Everyone has a bucket list don’t they? It stands to reason therefore that there is such a thing as an anti-bucket list, ie things you don’t really ever want to experience in this humble life. Just like your bucket list can be extraordinarily long, so can your anti-bucket list – I would hazard more so. So, I thought it would be fun (or anti-fun) to concoct a top 10 list of things I don’t ever want to happen in this life.
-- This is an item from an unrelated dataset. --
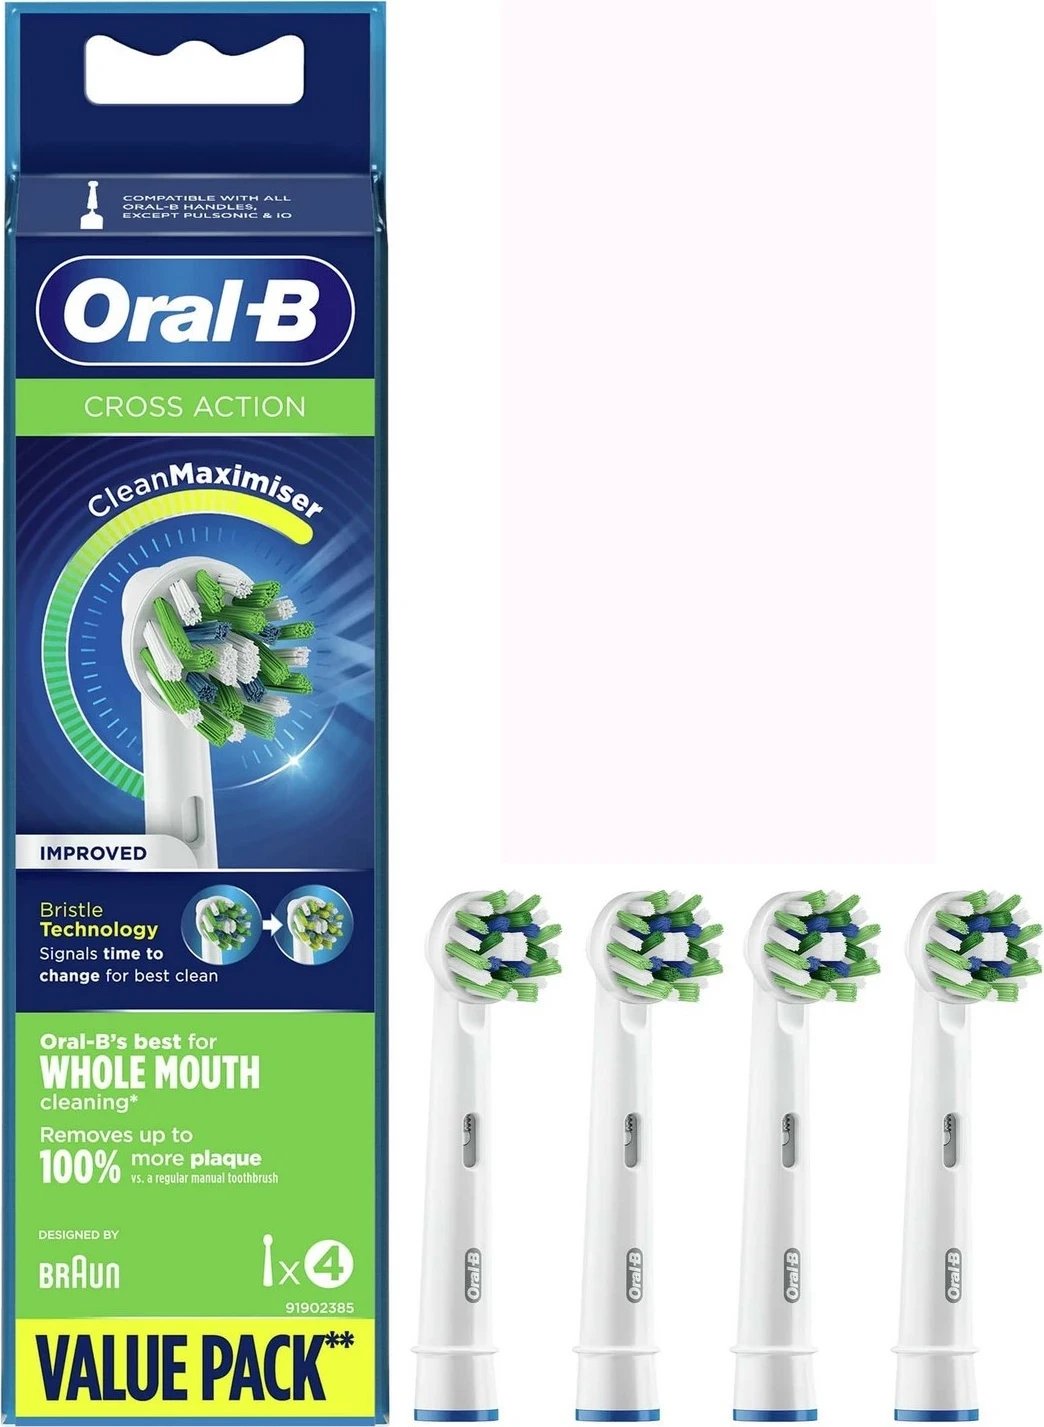 Koka furçe dhëmbësh Oral-B, CrossAct EB50-4 N, e bardhë

I should probably start with a little context – you see, at the weekend I experienced the rather odd and thoroughly unpleasant extraction of a tooth. Don’t get me wrong, my dentist is great, very calming and she explains everything so that even my brain cell can comprehend. The procedure itself was entirely painless courtesy of the six injections I had to the nerves leading to my molar root. What you don’t prepare for is the yanking and manipulating that occurs along with the macabre snapping of pieces of the once proud and undamaged adult tooth. Over the years, crap brushing and eating/drinking the wrong stuff gradually took its toll on this tooth to the point that eventually root canal procedures (3 in all) reduced it to a stub with a crown sat on top. For the past 2 years an infection has gradually set in and was steadily worsening to the point it was starting to damage the bone itself – not good. It’s been fun popping the bubble on my gum whenever it gets full of gunk, but my dentist explained that it really was time to get rid or suffer untold pain from abscesses and worse. Uhm, okay then. Killjoy!
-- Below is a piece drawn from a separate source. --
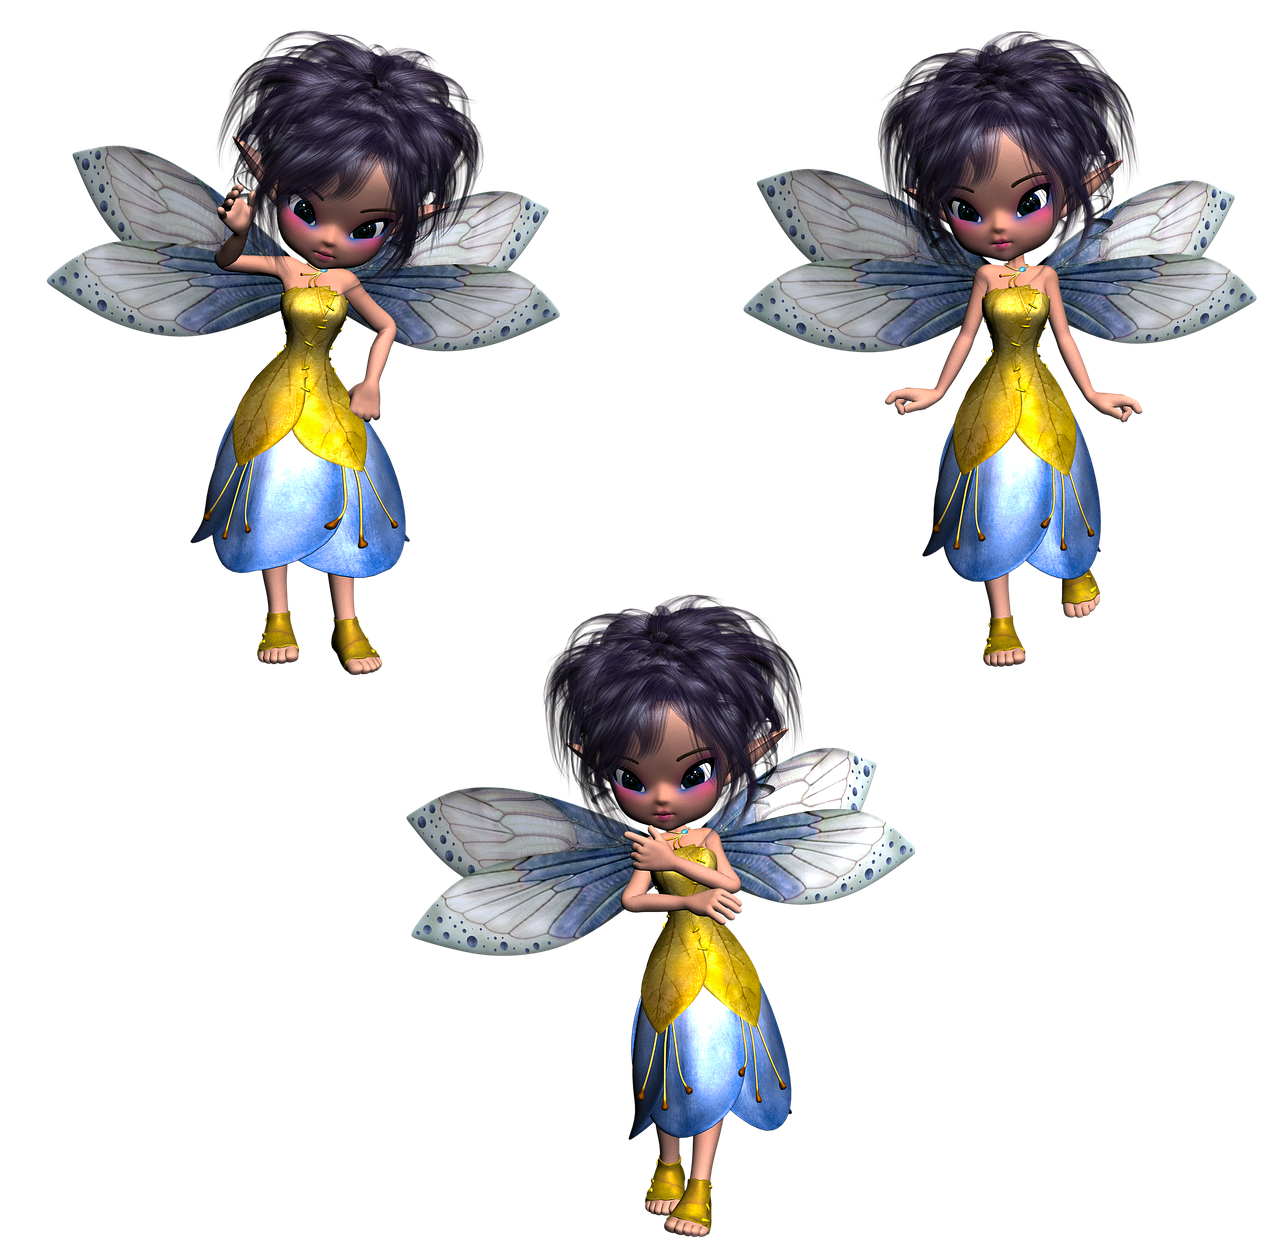 Download free photo of Fairy,sprite,elf,pixie,fantasy - from needpix.com

So, numbed up I am invited back into the chair of doom to lose an adult tooth – that is quite sobering to be honest. You ain’t getting any more new teeth, that’s it, gone, unless of course you have the misfortune of active wisdom teeth – thankfully I don’t! So much drilling occurs as she whittles the remains of the molar away in preparation for pulling each part out one by one. At one stage a piece snapped, pinged out of my mouth and smacked against her visor! I had a strange urge to laugh there and then, but felt that could be quite detrimental to my oral health being as I had a drill being held in there. Not sure how I didn’t!
So, an hour in the chair later, I am minus one tooth and under strict instruction not to rinse or spit over the next 24 hours. Apart from fishing out two fairly large chips of tooth from my numbed mouth (quite some doing that took I can tell you!), everything seemed fine. The socket had clotted nicely she said, which I took as a good thing and the whole thing would have healed in around 10-12 weeks. Holy molars! Anyway, 2 days on and I’ve not experienced any bleeds, just the occasional jabbing throb that a dose of Paracetamol soon fixes.
So, my anti-bucket list. You know, I’ve gotten to the end of writing about my extraction regaling and I actually don’t want to consider stuff that I don’t want to happen. Amazing how a seemingly cool idea becomes one of shuddering avoidance in the space of 3 paragraphs.
Look after those Penelopes people, you only get one set!